_What this task involves:_ No pictures belong in the answer. Repeat all the entries exactly.

(Working data Opens)

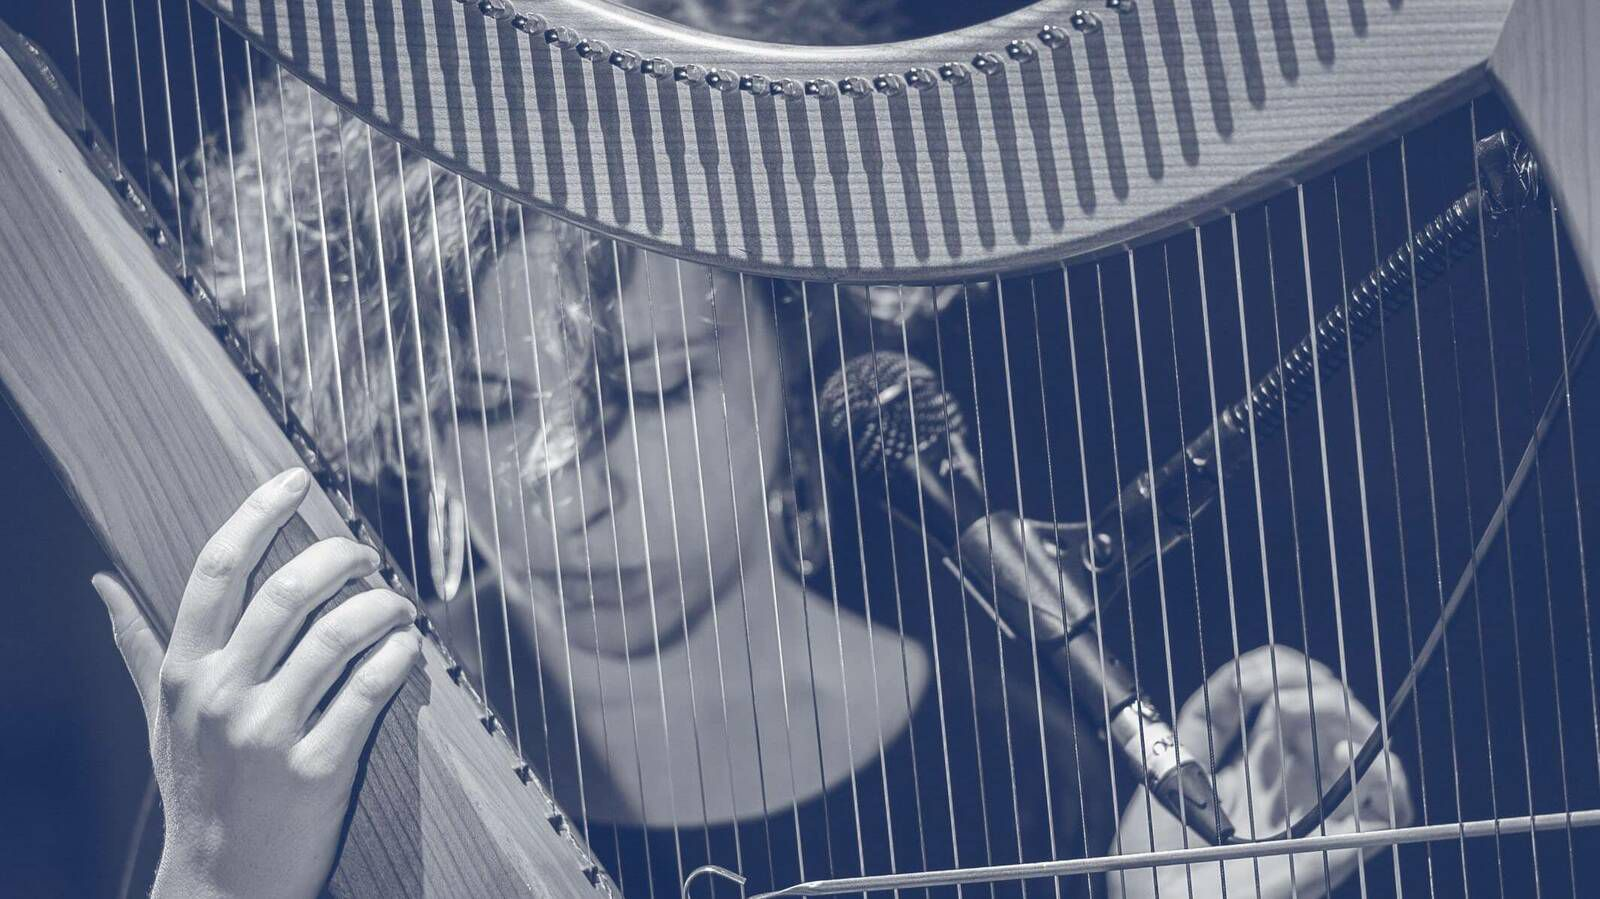 Jazz Actuel, Laura Perrudin, Concert, Perpectives, Avatars
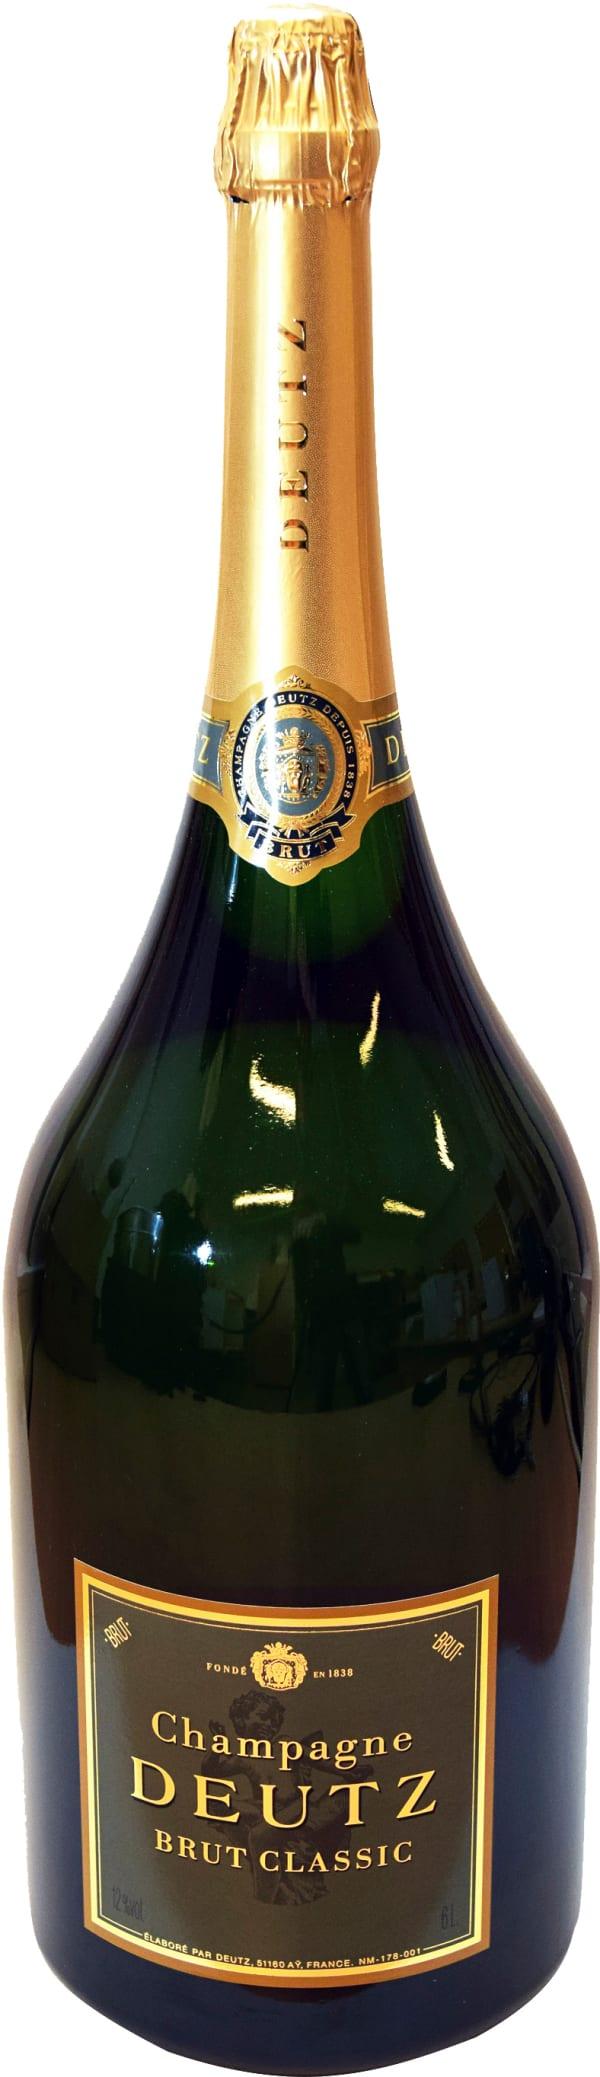 Deutz Classic Champagne Brut Mathusalem
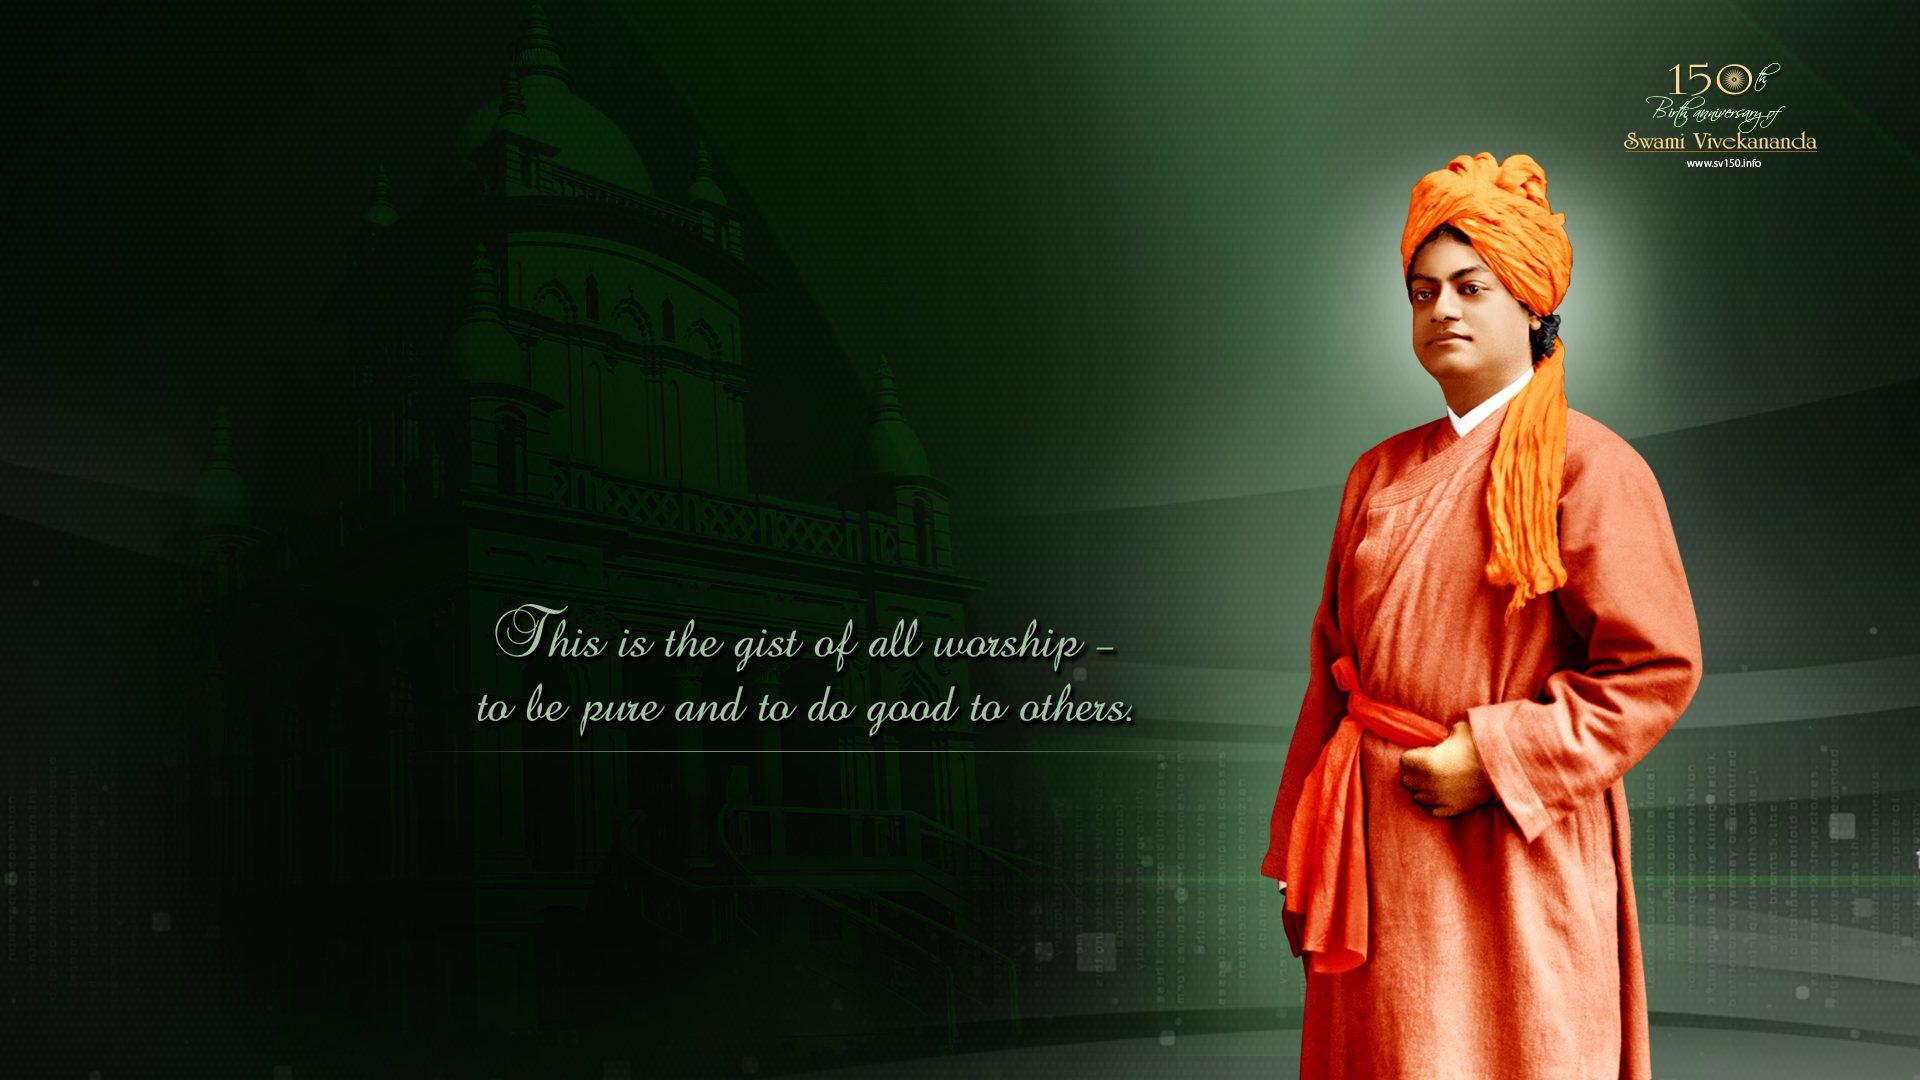 Swami Vivekananda Quotes Wallpapers Quotesgram
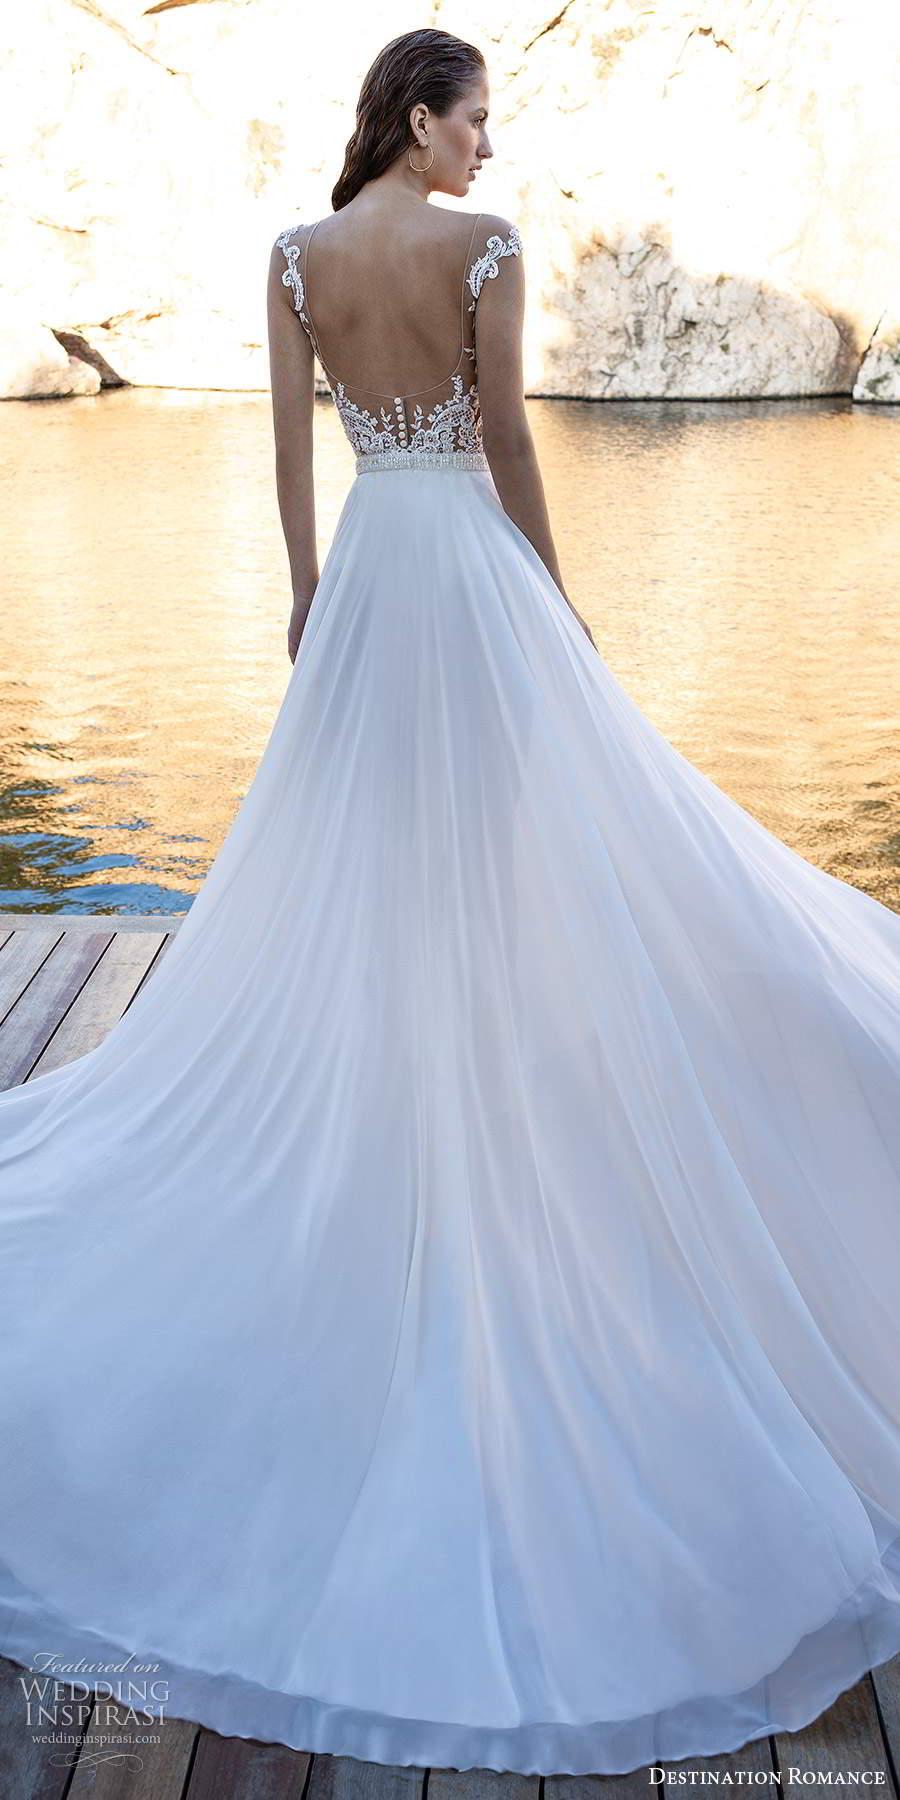 destination romance 2020 bridal cap sleeves illusion bateau sweetheart neckline embellished bodice bodysuit wedding dress a line overskirt (15) bv
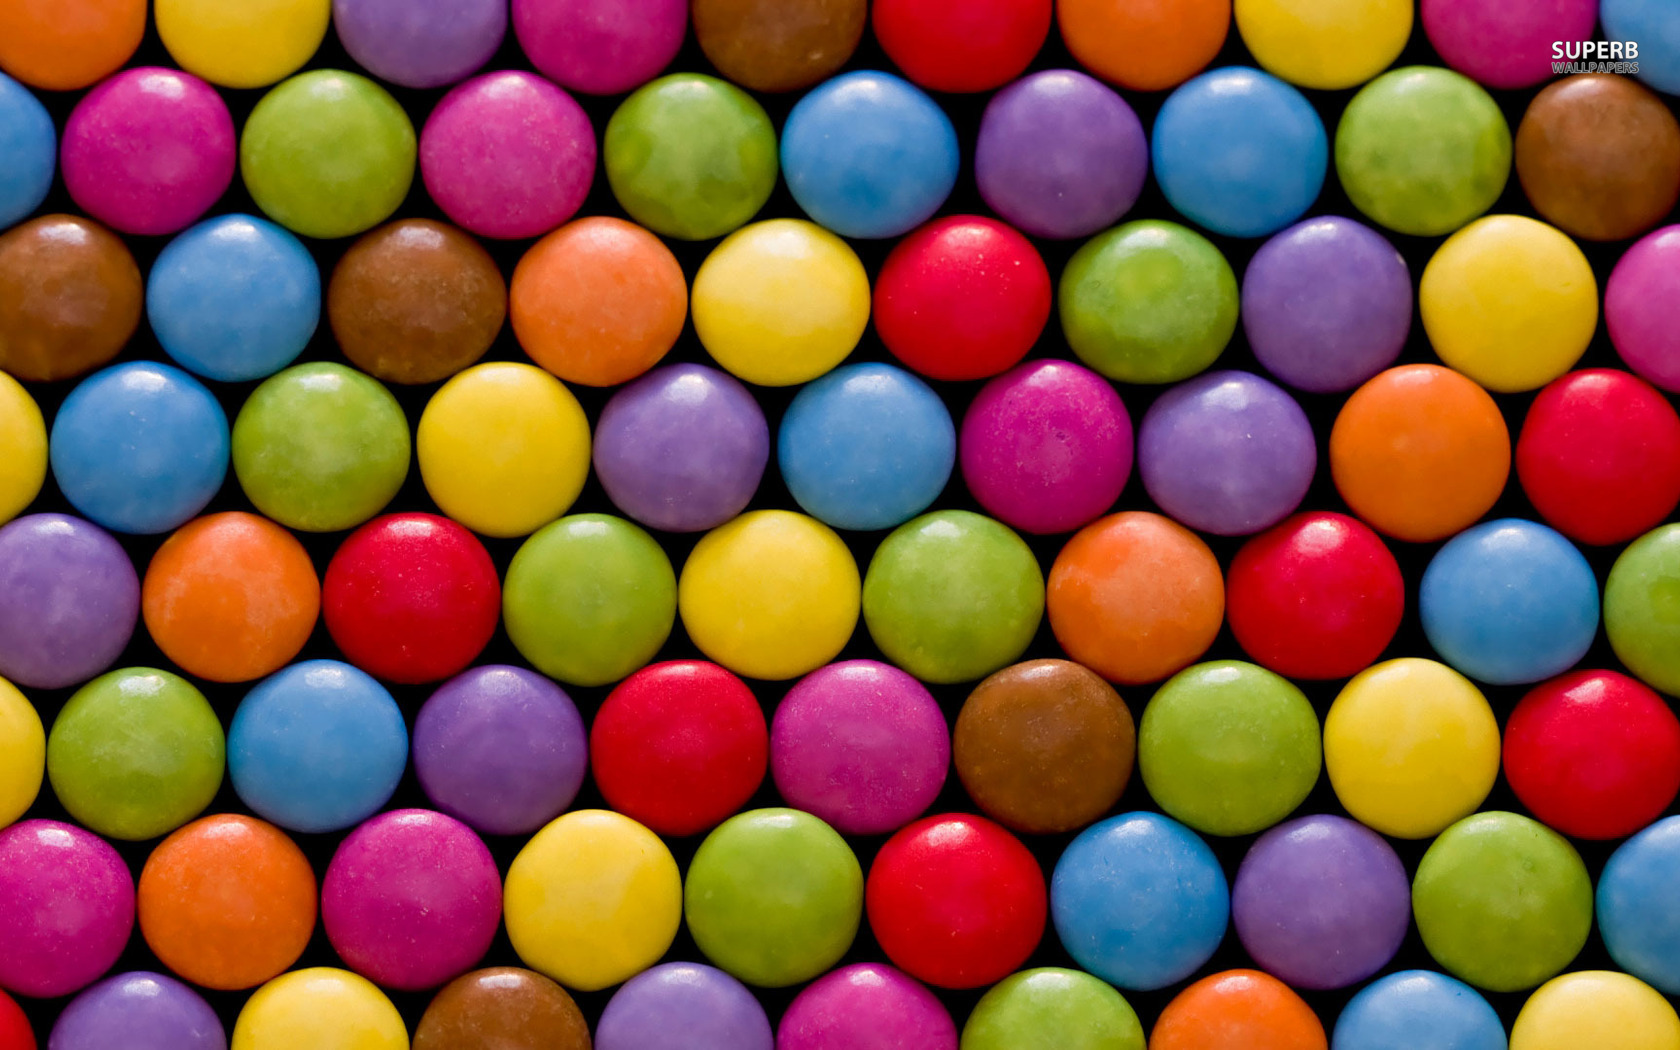 wall candy wallpaper rolls - photo #17

(Working data Closes)

_Answer below:_
 Jazz Actuel, Laura Perrudin, Concert, Perpectives, Avatars
 Deutz Classic Champagne Brut Mathusalem
 Swami Vivekananda Quotes Wallpapers Quotesgram
 destination romance 2020 bridal cap sleeves illusion bateau sweetheart neckline embellished bodice bodysuit wedding dress a line overskirt (15) bv
 wall candy wallpaper rolls - photo #17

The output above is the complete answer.